I had not seen Sloan for eleven years when I met him again at the Biesels', who are also former Sloan students, Sloan had somehow known my painting a little but did not remember me as a student. Frances Strain had arranged for me to meet him when he passed through Chicago last fall. I reminded him that I had not been a very good student while in his class; but he was gracious enough to tell me of a little incident which took place before one of my paintings in a New York exhibition. He was telling his companion, Don Freeman, who had studied with Sloan at the same time I did, that in this painting were demonstrated some of the things he tried to get across with his teaching. Freeman had told him, "You should like that painting; the artist was one of your students." Seeing Sloan again, after this long lapse of time, made me feel strange. He is over seventy now. He had just recovered from a severe illness. He was talking to Frances Strain and me of a section of his book "Gist of Art." The things he said were the same things he had said years ago. I think I may have found fault, new, rightly or wrongly, with one or two of his ideas. I concluded that valuable as was his philosophy of art, still more important was the indefinable quality of inspiration with which he was able to give direction to the talents of the young students.

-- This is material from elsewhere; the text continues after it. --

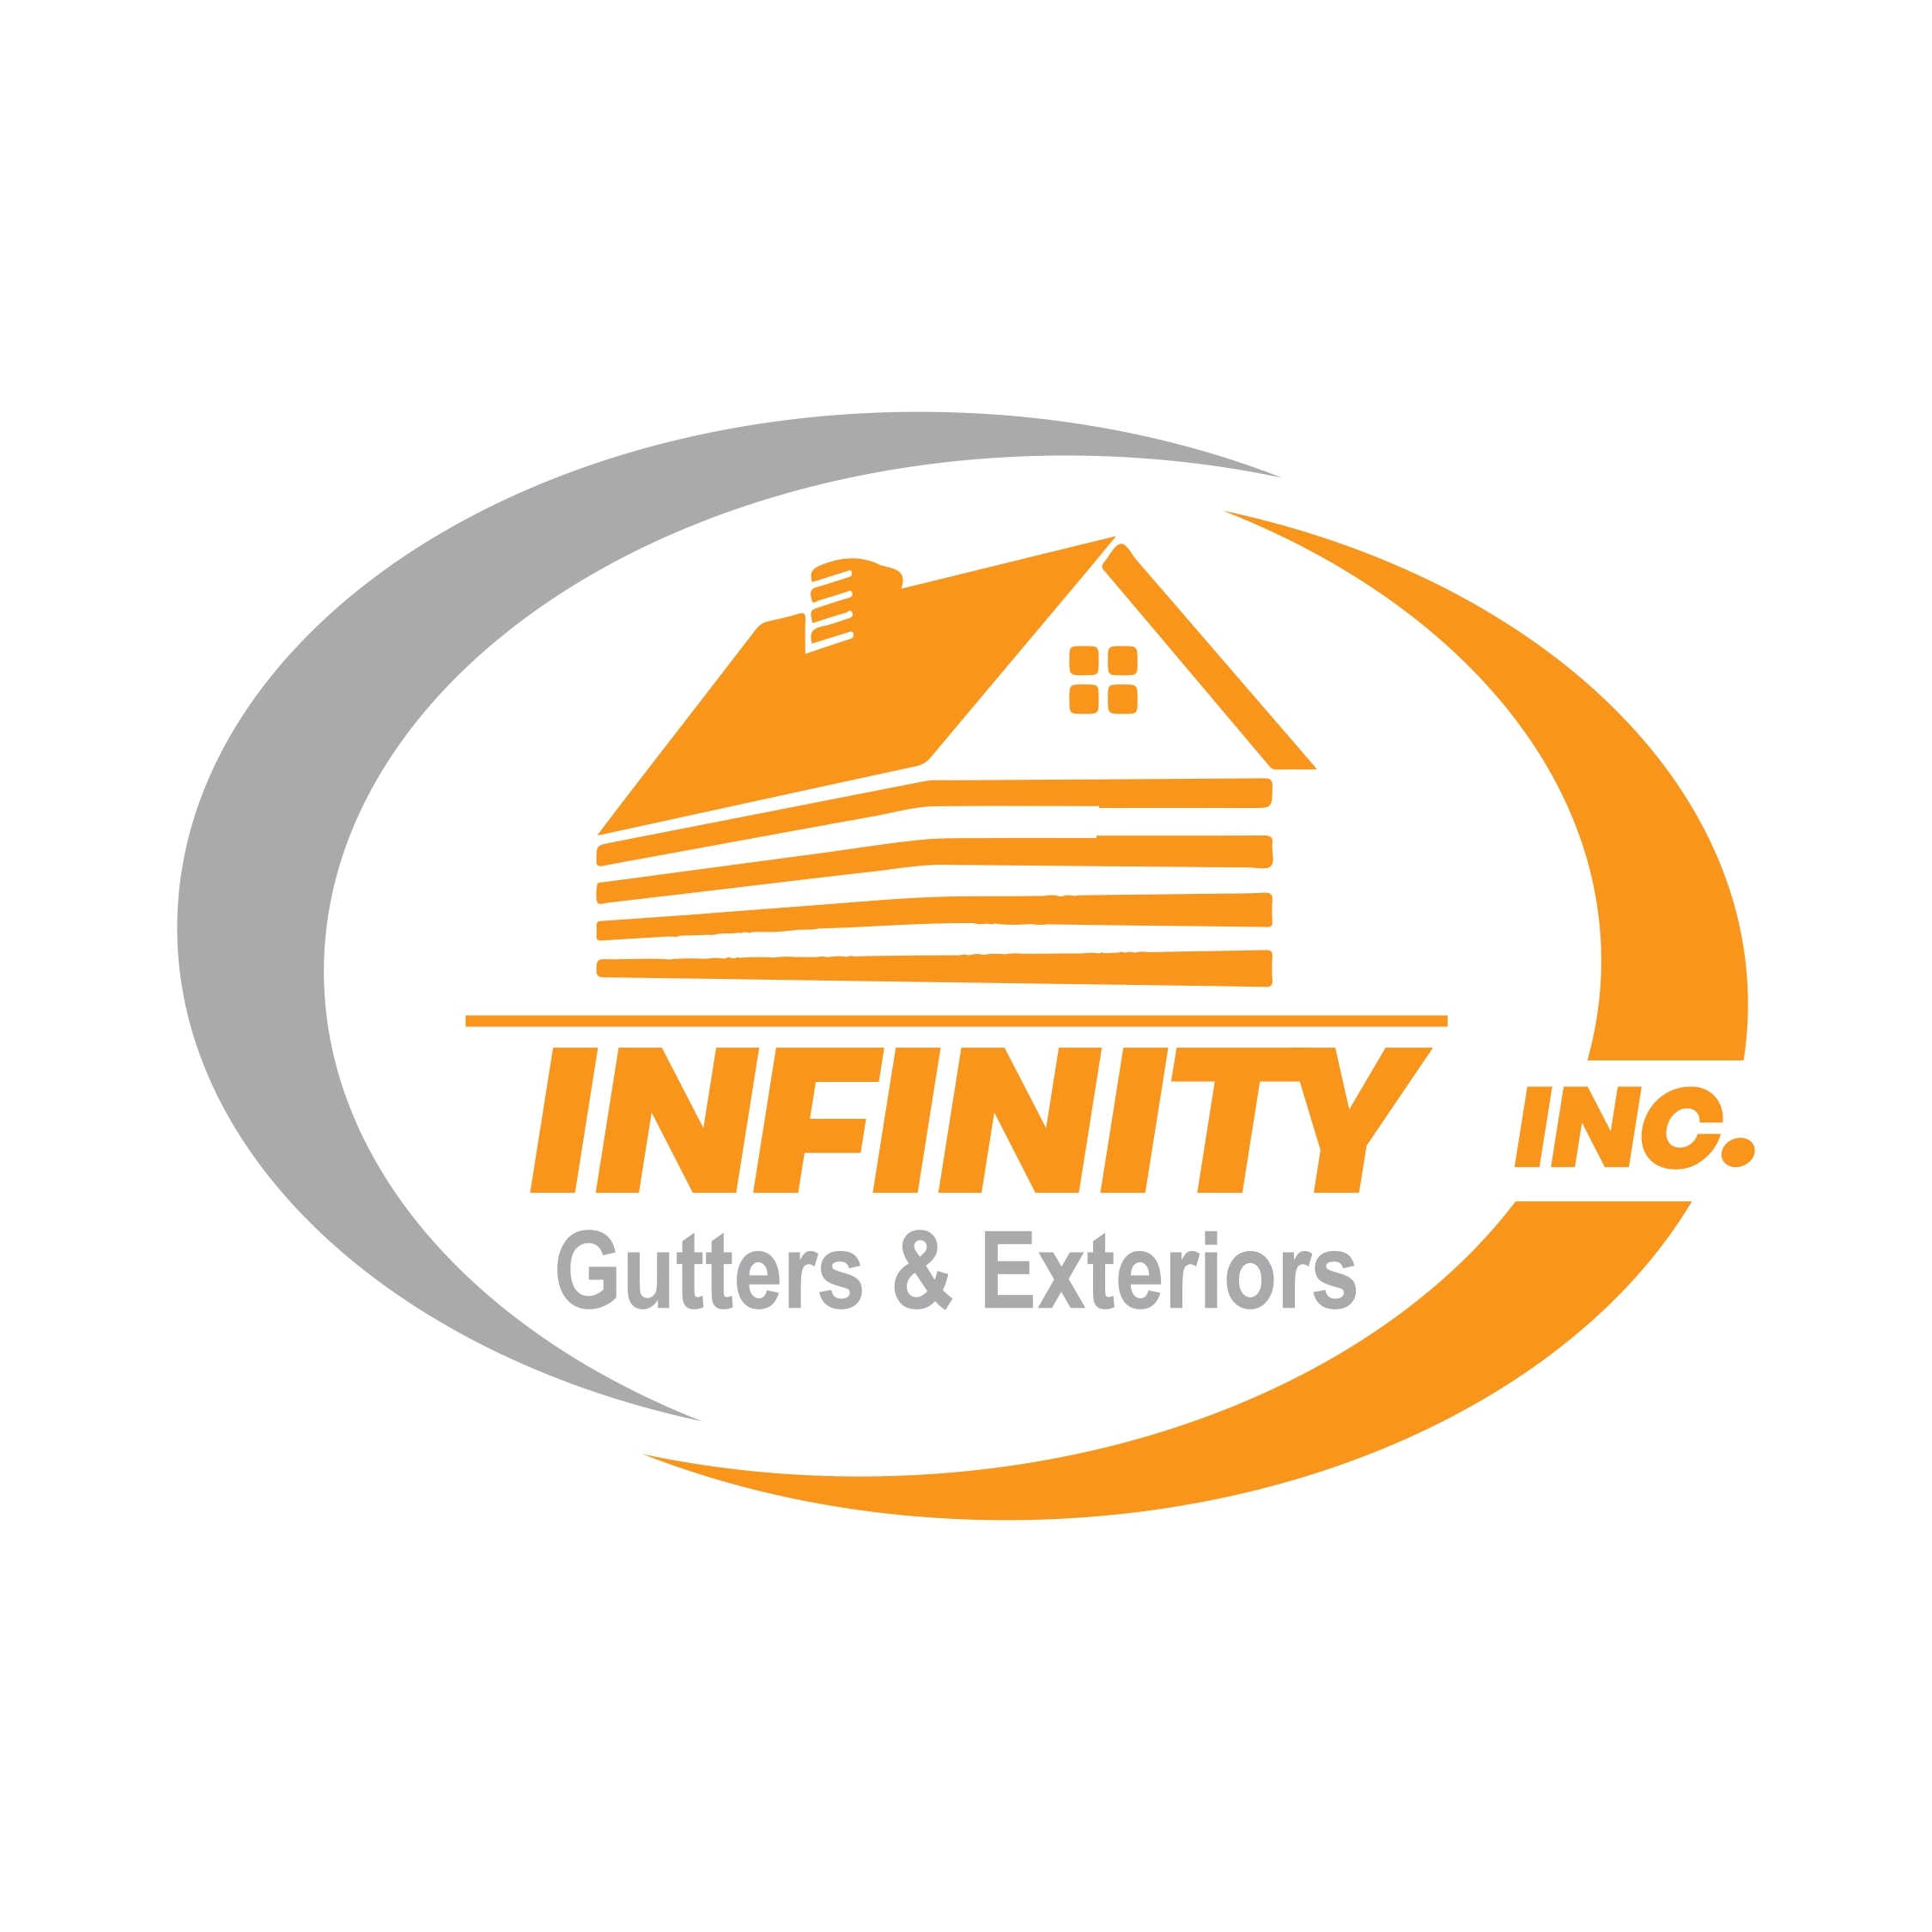 Infinity Gutters & Exteriors's logo

Just a week or two after this, I saw him again in New York. It was at one of those strange restrictive exhibitions. This one was at the Whitney Museum and the work on display was by artists under forty. Hardly a gray headed artist could be seen at this opening. If their work were not being shown, there was no reason for the veteran artists to appear. But John Sloan and his perky little wife were there. Still shaky from his illness, Sloan was eager to see the work of the comparative unknowns on display, glad to pass along a word of encouragement to a young artist just finding painting legs.

A moment ago I mentioned Sloan's Book, "Gist of Art." It was in 1929 and 1930 that much of the material for this book was gathered. Helen Farr, who collected the bulk of this material, painted in Sloan's class. But whenever Sloan was present she followed him about gathering the pearls of wisdom that dropped from his lips. And more often then not they were real pearls. If you would like an insight into an artist's approach to life and the business of painting, read this book. I think you will enjoy it, and I think it may teach you to understand a but better the art of the past and of the present.

And now -at least- a final thought. If I were a professional lecturer I would not think of saying this. But since I am only a professional painter I think of it in connection with every exhibition. The purchase of a work of his art is still the greatest appreciation you can give an artist. If you like the work you see here, and can do so, buy a John Sloan painting for you collections. Sloan shows you here a cross section of his later work. These are paintings done with sincerity, sympathy and true humility. There is nothing here of the chic. No fireworks and none of the titillating devices served up by some artists for jaded appetites of some critics and gallery goers. If you have an empty spot on one of your walls, consider a John Sloan for that spot; or if you have a place tenanted by an unworthy occupant, eject it for a work of art by this great "custodian of American culture."